Как могло это жить во мне, когда продолжает неотступно сниться один и тот же сон об Олеге; когда маячит за плечом скорбная тень Александра Васильевича; когда я знаю теперь и не могу обмануться: каждый, кого я встречаю, «не он» и «не тот». Детская формула «я — не жена» — это пока самое достоверное, что я узнала о себе, и я не могу разгадать тайну, которая глубже моего понимания.
Время от времени я делала попытки прописаться в Москве. Но все было напрасно: государственная машина работала четко. Отказ следовал за отказом. Но все-таки — люди не машина. Какой-то человек в милиции проглядел, ошибся — и меня неожиданно временно прописали у знакомых на даче под Москвой. К тому же, оканчивалось строительство канала, и Александру Васильевичу также удалось уволиться. Он поселился теперь в 100 километрах от Москвы и оттуда ездил на работу в столицу.
Однажды я поехала его там навестить. Я знала, что застану знакомую картину: книги, наваленные посреди вещей и пыли, и сам Александр Васильевич полуголодный, неухоженный, с какой-нибудь новой вычитанной им математической или философской идеей. Благородный, самоотверженный, до конца — до смерти принципиальный.
«У вас разные тональности, вы должны его освободить от себя», — повторяю я засевшие в сердце слова мудрой старухи из Дмитрова. Я решаюсь на операцию, болезненную, но необходимую для нас обоих. Не помню, что меня подвигнуло на последний шаг, но весной 1938 года я повезла Александра Васильевича за город и там, среди природы, без свидетелей, долго, в отчаянных слезах горя и раскаяния, говорила обо всем пережитом, заставила все вспомнить, все выслушать — это был тот «допрос» и ему, и себе, которого он настойчиво избегал всю нашу совместную жизнь.
Я старалась взять на себя всю вину, всю тяжесть прошлого, облегчить всеми средствами для Александра Васильевича горе расставания.
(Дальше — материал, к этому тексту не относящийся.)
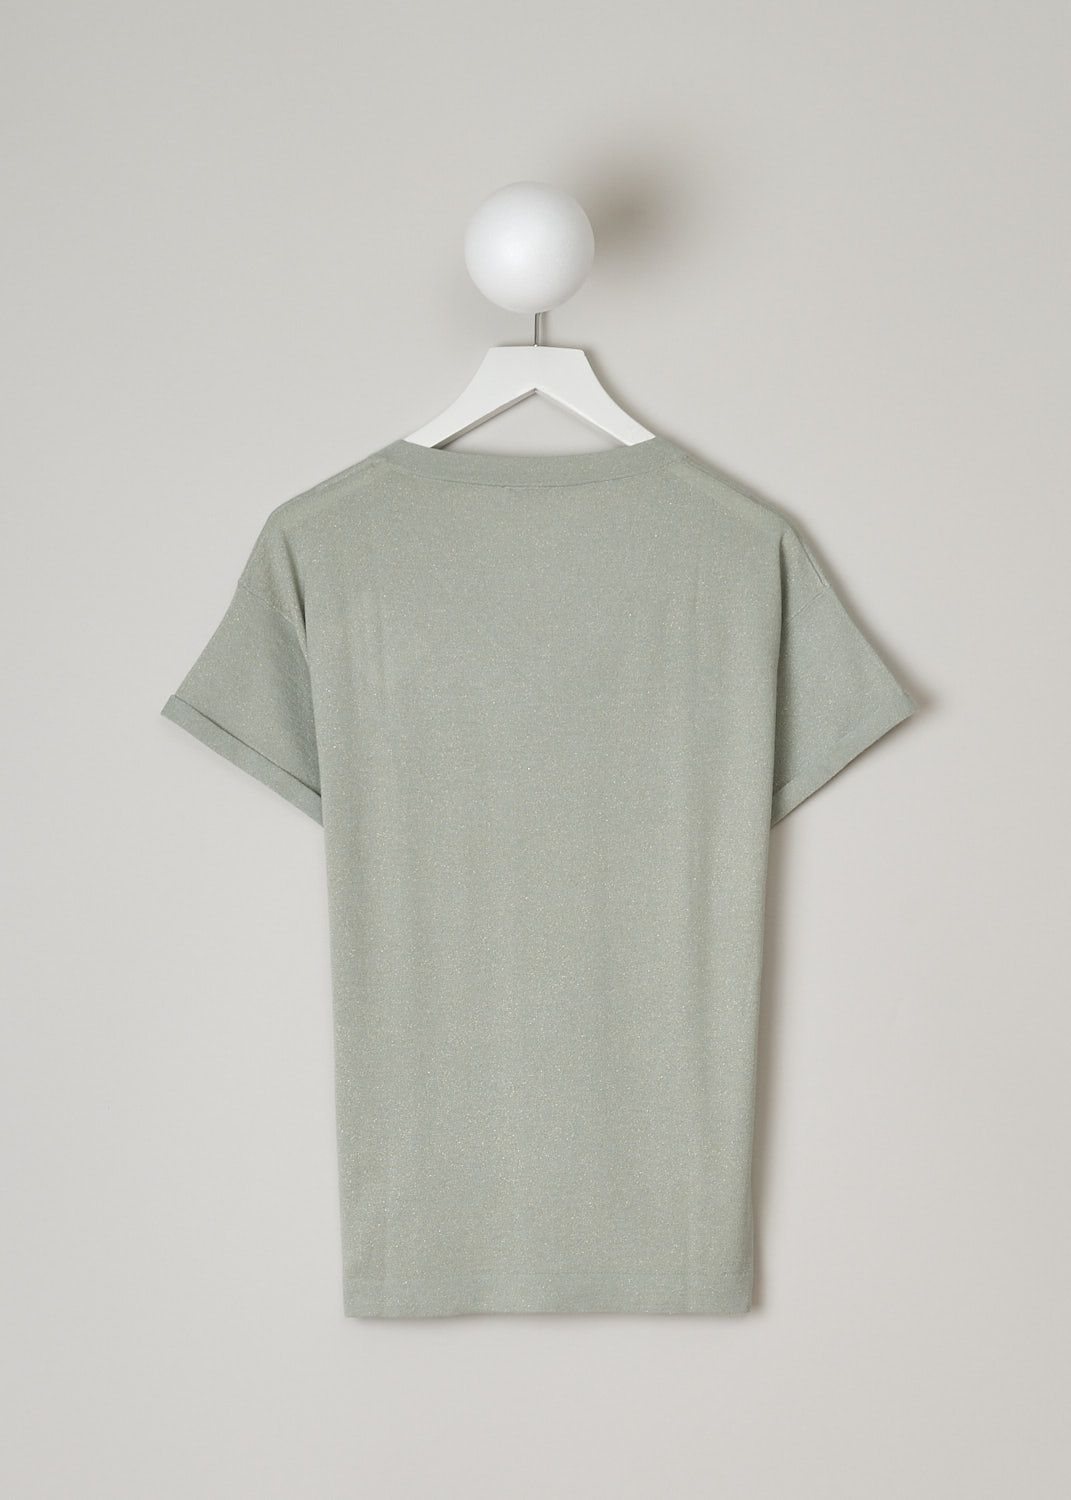 BRUNELLO CUCINELLI, PALE GREEN TOP WITH LUREX THREADING, M41810002_C2847, Green, Back, This pale green top has shimmering gold lurex threading throughout. The top has a ribbed V-neckline and short sleeves with a rolled up hem.

Он нашел в себе силы проводить меня домой. Мы коротко рассказали маме о происшедшем. Оба плакали. Мама молчала, она давно поняла неизбежность этого шага. Александр Васильевич стал церемонно прощаться, пошел к двери, обернулся. Я бросилась к нему, мы обнялись, как родные. И тем не менее расстаться нам было нужно. Мы стояли в слезах, забыв о маме. А она смотрела на нас с глубоким изумлением и повторяла растерянно:
— Так зачем же вы расстаетесь?
С Александром Васильевичем продолжалась редкая переписка. Но расстались мы уже действительно навсегда.